🤖 AI Summary
This study addresses the challenge of detecting surface contaminants—such as plastic and rubber—on pork belly in industrial production lines, where conventional computer vision methods fail due to low visual contrast. We propose a pixel-level semantic segmentation framework integrating near-infrared hyperspectral imaging (900–1700 nm) with a lightweight Vision Transformer (ViT). To our knowledge, this is the first application of a lightweight ViT to hyperspectral contaminant segmentation in meat processing. The method incorporates adaptive spectral preprocessing and a channel-wise attention mechanism to mitigate interference from spectral similarity, ambient temperature fluctuations, and system noise. Evaluated on real-world production-line data, the approach achieves an average intersection-over-union (mIoU) of >98.2% and operates at 23 frames per second (FPS), significantly improving both robustness and real-time performance. This work delivers a deployable AI solution for quality control in meat processing.
📝 Abstract
Ensuring food safety and quality is critical in the food processing industry, where the detection of contaminants remains a persistent challenge.

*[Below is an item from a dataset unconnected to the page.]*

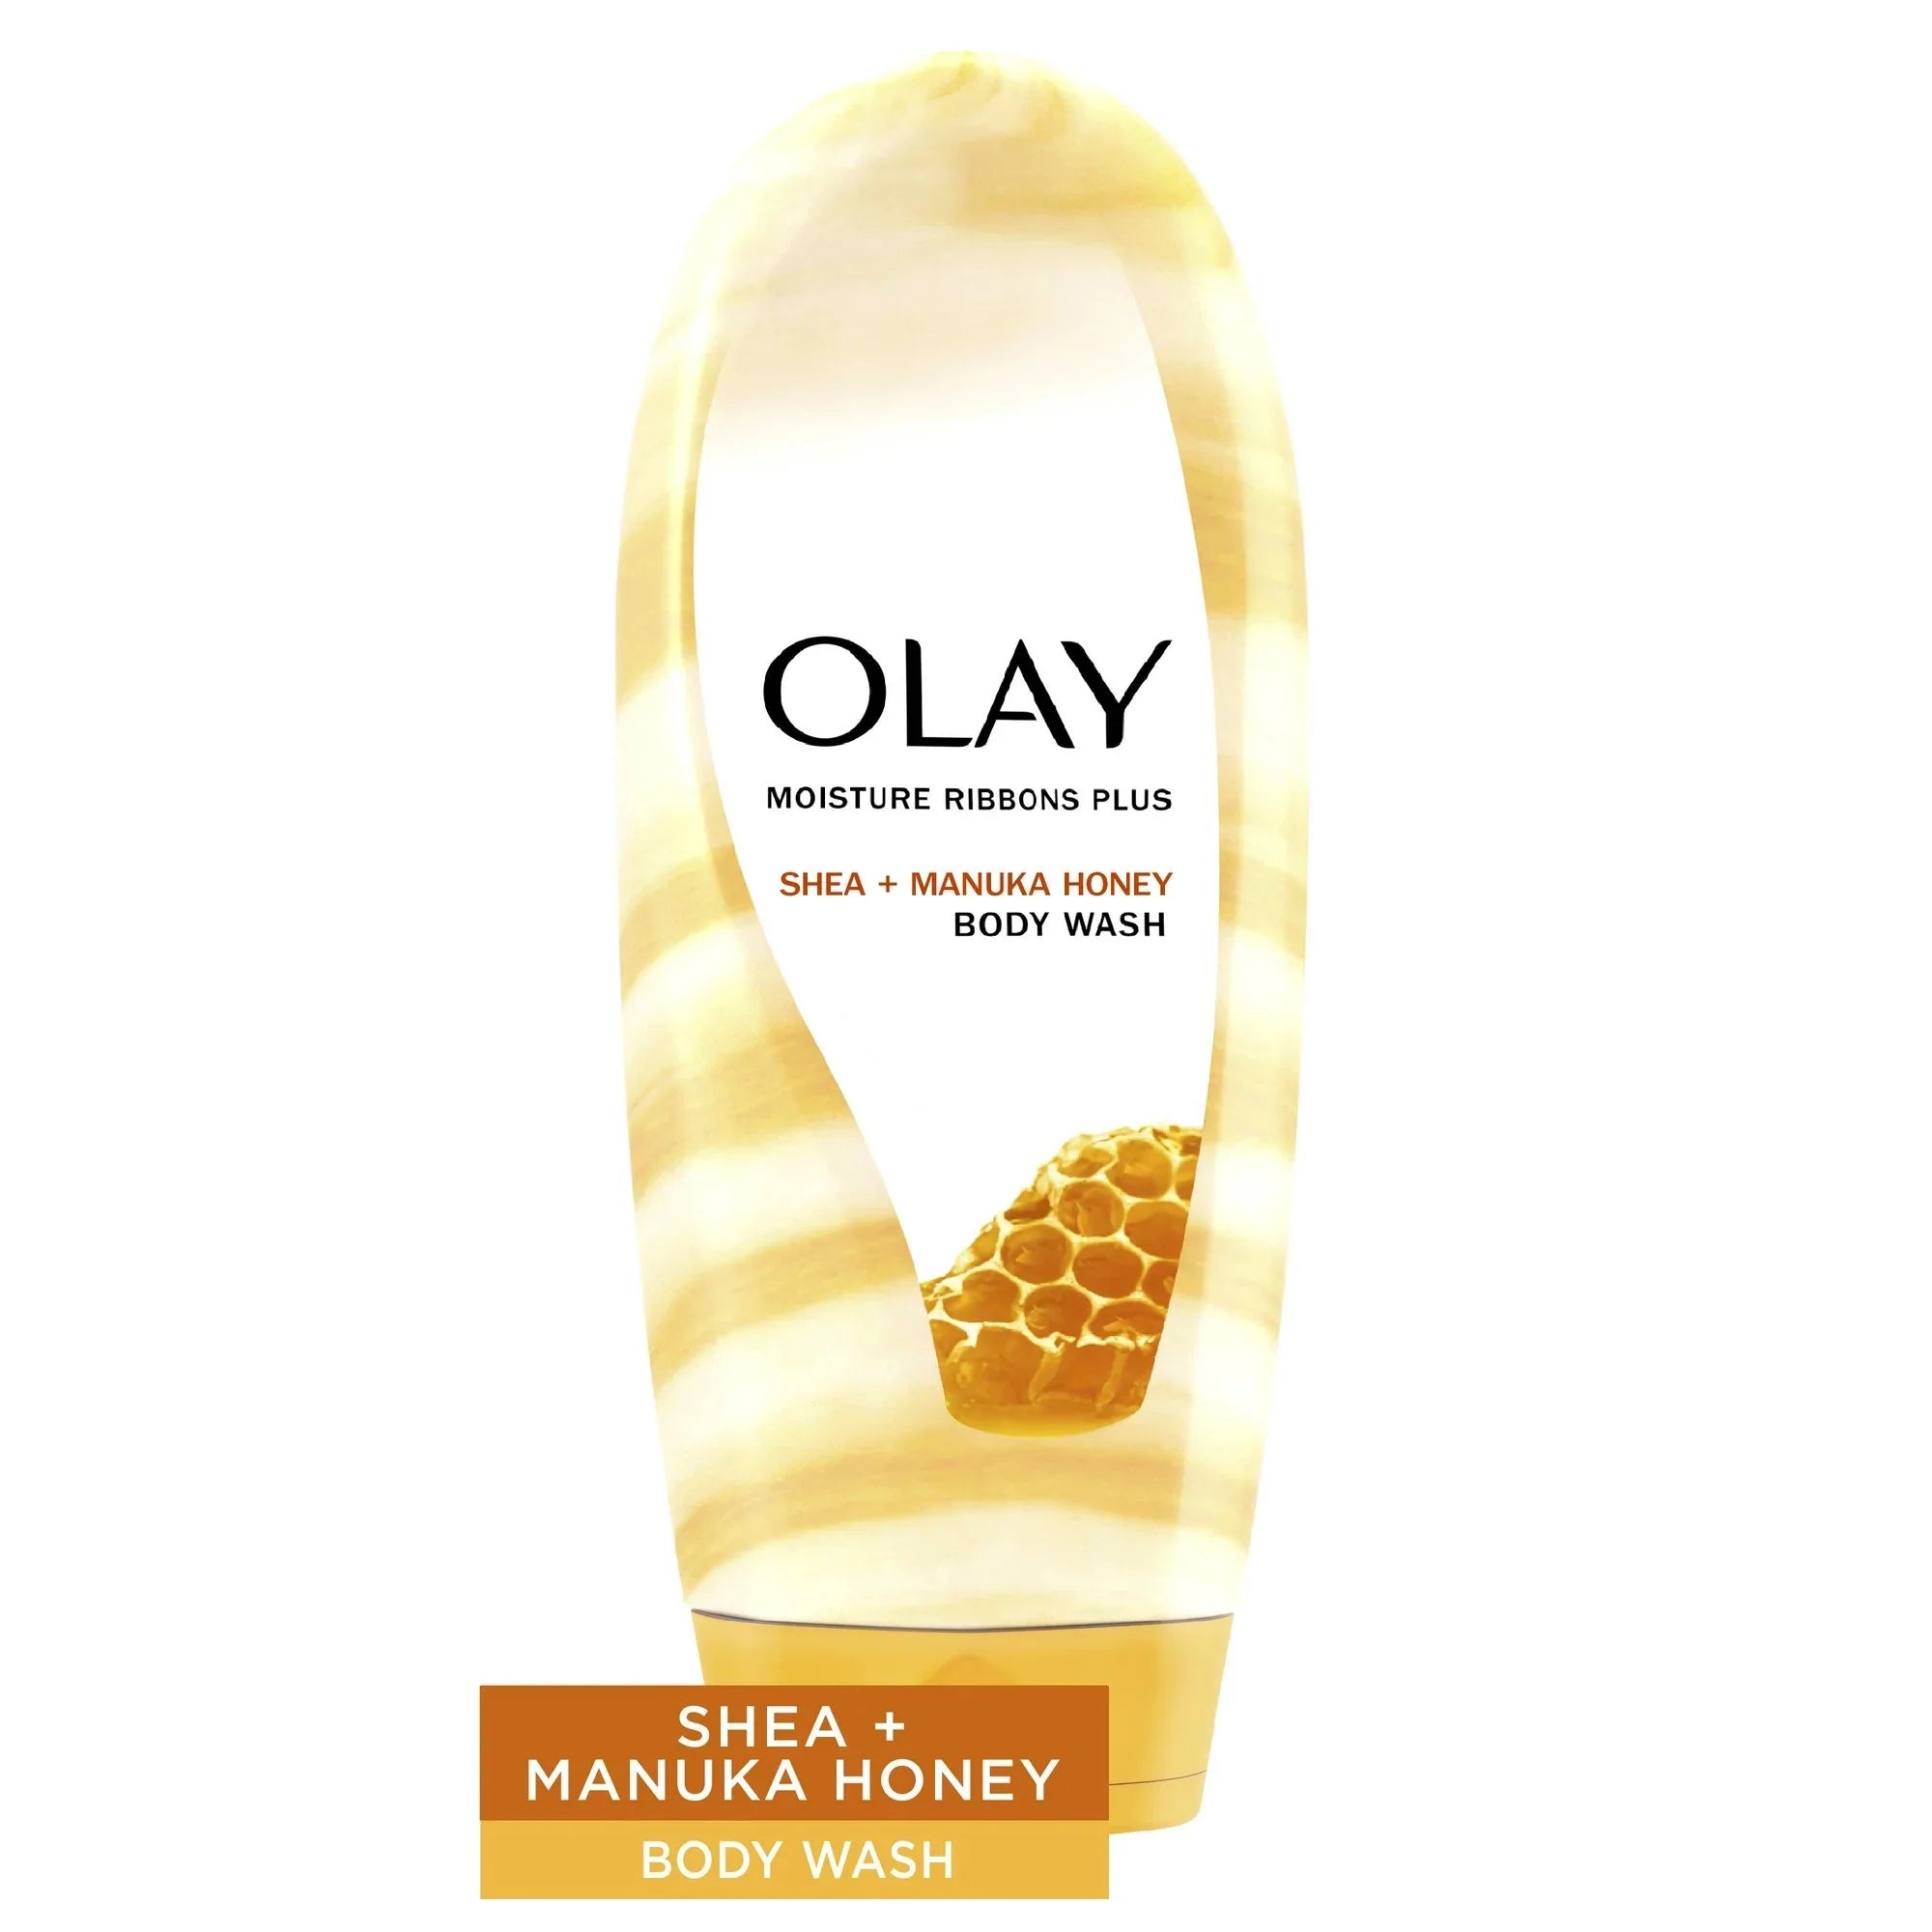 Wholesale prices with free shipping all over United States Olay Moisture Ribbons Plus Shea and Manuka Honey Body Wash, for All Skin Types, 18 fl oz - Steven Deals

This study presents an automated solution for detecting foreign objects on pork belly meat using hyperspectral imaging (HSI). A hyperspectral camera was used to capture data across various bands in the near-infrared (NIR) spectrum (900-1700 nm), enabling accurate identification of contaminants that are often undetectable through traditional visual inspection methods. The proposed solution combines pre-processing techniques with a segmentation approach based on a lightweight Vision Transformer (ViT) to distinguish contaminants from meat, fat, and conveyor belt materials. The adopted strategy demonstrates high detection accuracy and training efficiency, while also addressing key industrial challenges such as inherent noise, temperature variations, and spectral similarity between contaminants and pork belly. Experimental results validate the effectiveness of hyperspectral imaging in enhancing food safety, highlighting its potential for broad real-time applications in automated quality control processes.